While the Bitter Lesson might be true and a powerful driver for the ease of working on singleton, generalist large monolithic systems over smaller, specialized ones, science doesn’t always (some might say very rarely!) follow the most optimal path.
There are many possible paradigms that we could be in, and the current one is among the worse ones for safety. For instance, we could be in a symbolic paradigm, or a paradigm that focuses on factoring problems and using smaller LSTMs to solve them. Of course, there do exist worse paradigms, such as a pure RL non-language based singleton paradigm.
In any case, we think the trajectory of the field got determined once GPT-2 and 3 brought scaling into the limelight, and if those didn’t happen or memetics went another way, we could be in a very very different world.

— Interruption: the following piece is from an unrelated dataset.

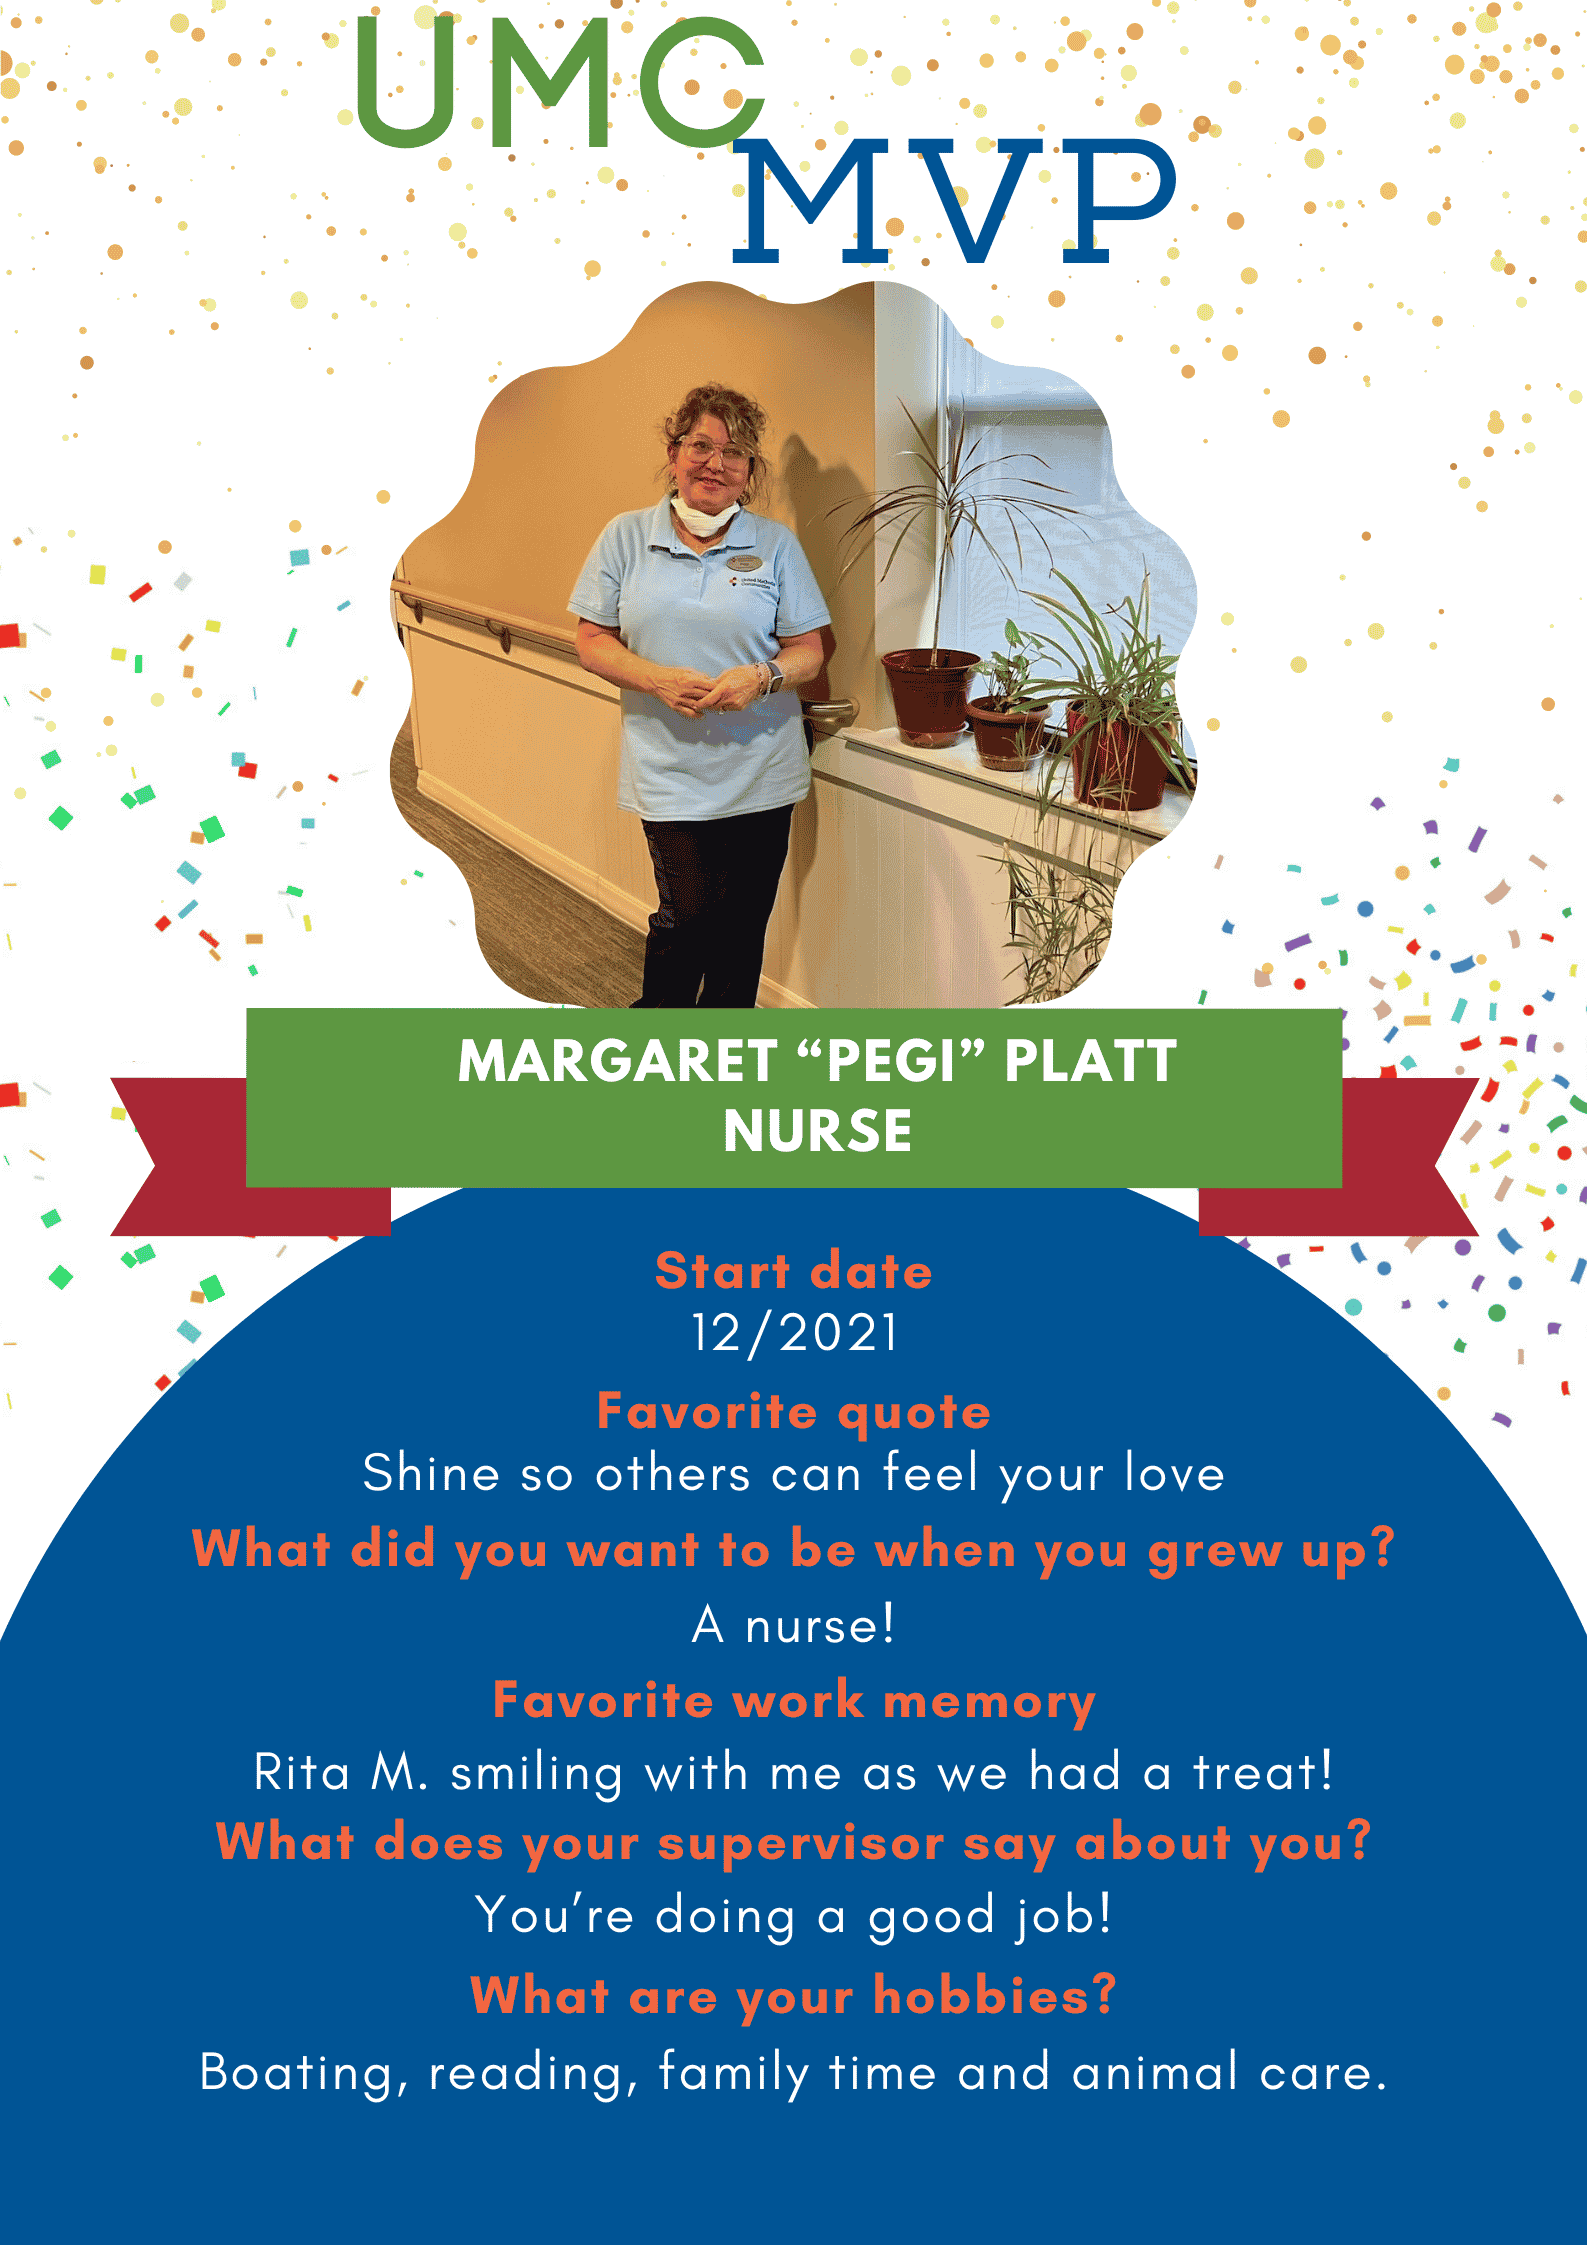 UMC MVP Margaret “Pegi” Platt

My best guess is that this is true, but I think there are outside-view reasons to be cautious.
We have some preliminary, unpublished work[1] at AI Impacts trying to distinguish between two kinds of progress dynamics for technology:
There’s an underlying progress trend, which only depends on time, and the technologies we see are sampled from a distribution that evolves according to this trend. A simple version of this might be that the goodness G we see for AI at time t is drawn from a normal distribution centered on Gc(t) = G0exp(At). This means that, apart from how it affects our estimate for G0, A, and the width of the distribution, our best guess for what we’ll see in the non-immediate future does not depend on what we see now.
There’s no underlying trend “guiding” progress. Advances happen at random times and improve the goodness by random amounts. A simple version of this might be a small probability per day that an advancement occurs, which is then independently sampled from a distribution of sizes. The main distinction here is that seeing a large advance at time t0 does decrease our estimate for the time at which enough advances have accumulated to reach goodness level G_agi.

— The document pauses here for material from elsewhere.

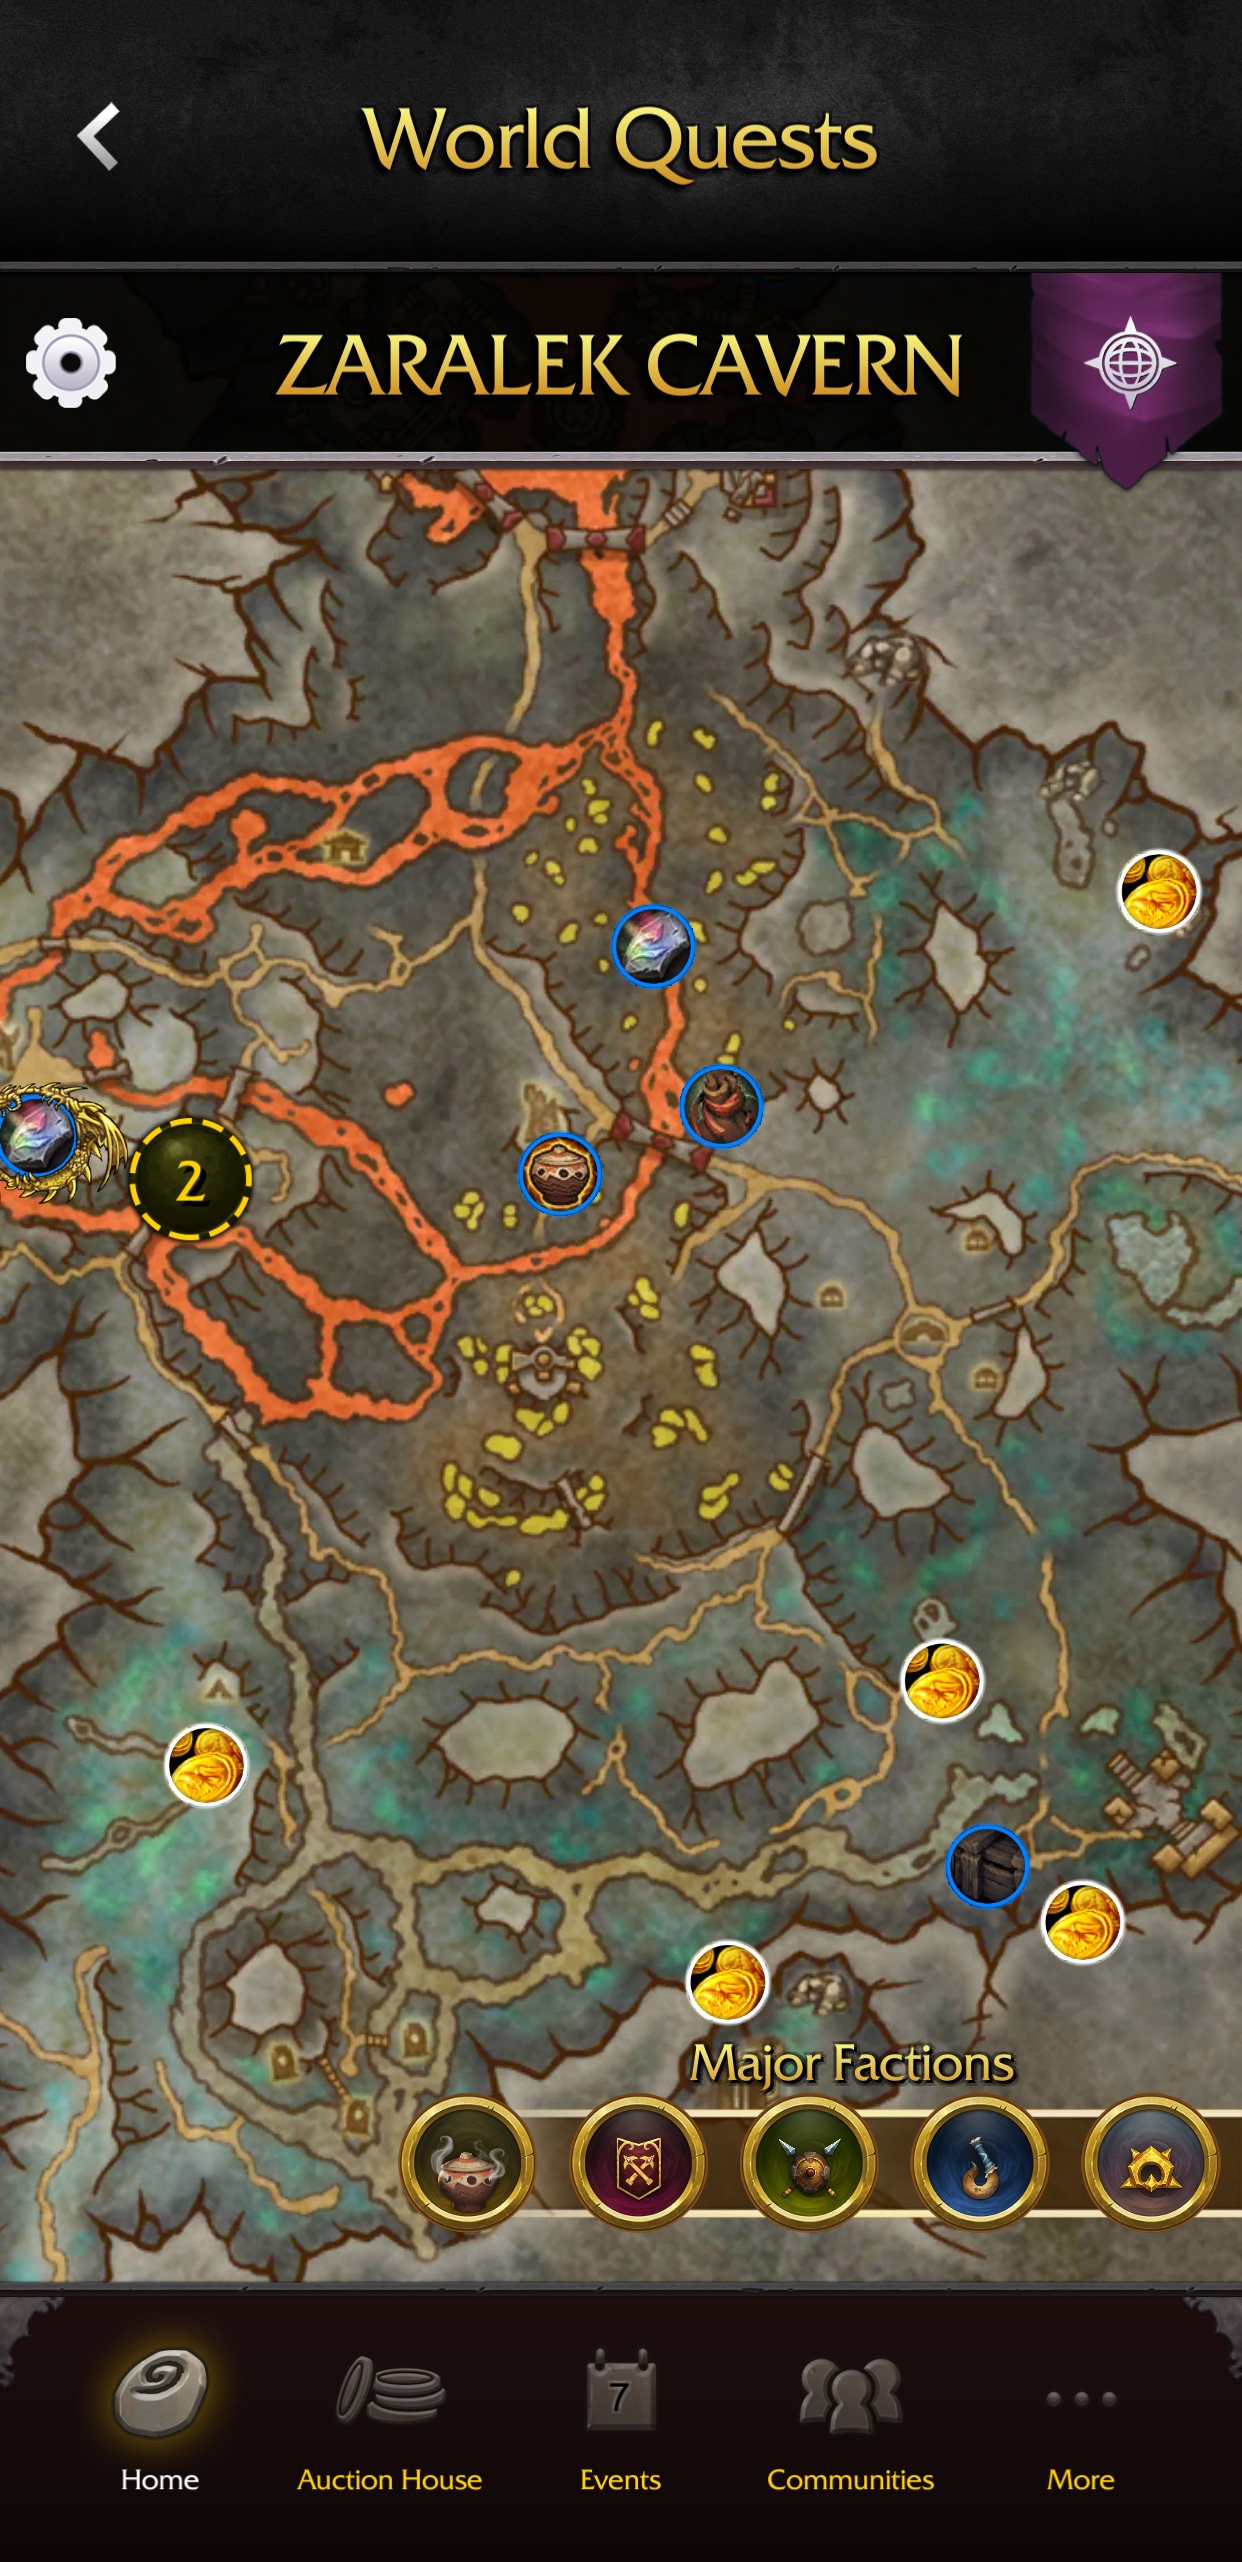 Zaralek Cavern Map Showing Major Faction Quest Locations

(A third hypothesis, of slightly lower crudeness level, is that advances are drawn without replacement from a population. Maybe the probability per time depends on the size of remaining population. This is closer to my best guess at how the world actually works, but we were trying to model progress in data that was not slowing down, so we didn’t look at this.)
Obviously neither of these models describes reality, but we might be able to find evidence about which one is less of a departure from reality.
When we looked at data for advances in AI and other technologies, we did not find evidence that the fractional size of advance was independent of time since the start of the trend or since the last advance. In other words, in seems to be the case that a large advance at time t0 has no effect on the (fractional) rate of progress at later times.
Some caveats:
This work is super preliminary, our dataset is limited in size and probably incomplete, and we did not do any remotely rigorous statistics.
This was motivated by progress trends that mostly tracked an exponential, so progress that approaches the inflection point of an S-cure might behave differently
These hypotheses were not chosen in any way more principled than “it seems like many people have implicit models like this” and “this seems relatively easy to check, given the data we have”
Also, I asked Bing Chat about this yesterday and it gave me some economics papers that, at a glance, seem much better than what I’ve been able to find previously. So my views on this might change.
It’s unpublished because it’s super preliminary and I haven’t been putting more work into it because my impression was that this wasn’t cruxy enough to be worth the effort. I’d be interested to know if this seems important to others.
It’s pretty hard to predict the outcome of “raising awareness of problem X” ahead of time. While it might be net good right now because we’re in a pretty bad spot, we have plenty of examples from the past where greater awareness of AI risk has arguably led to strongly negative outcomes down the line, due to people channeling their interest in the problem into somehow pushing capabilities even faster and harder.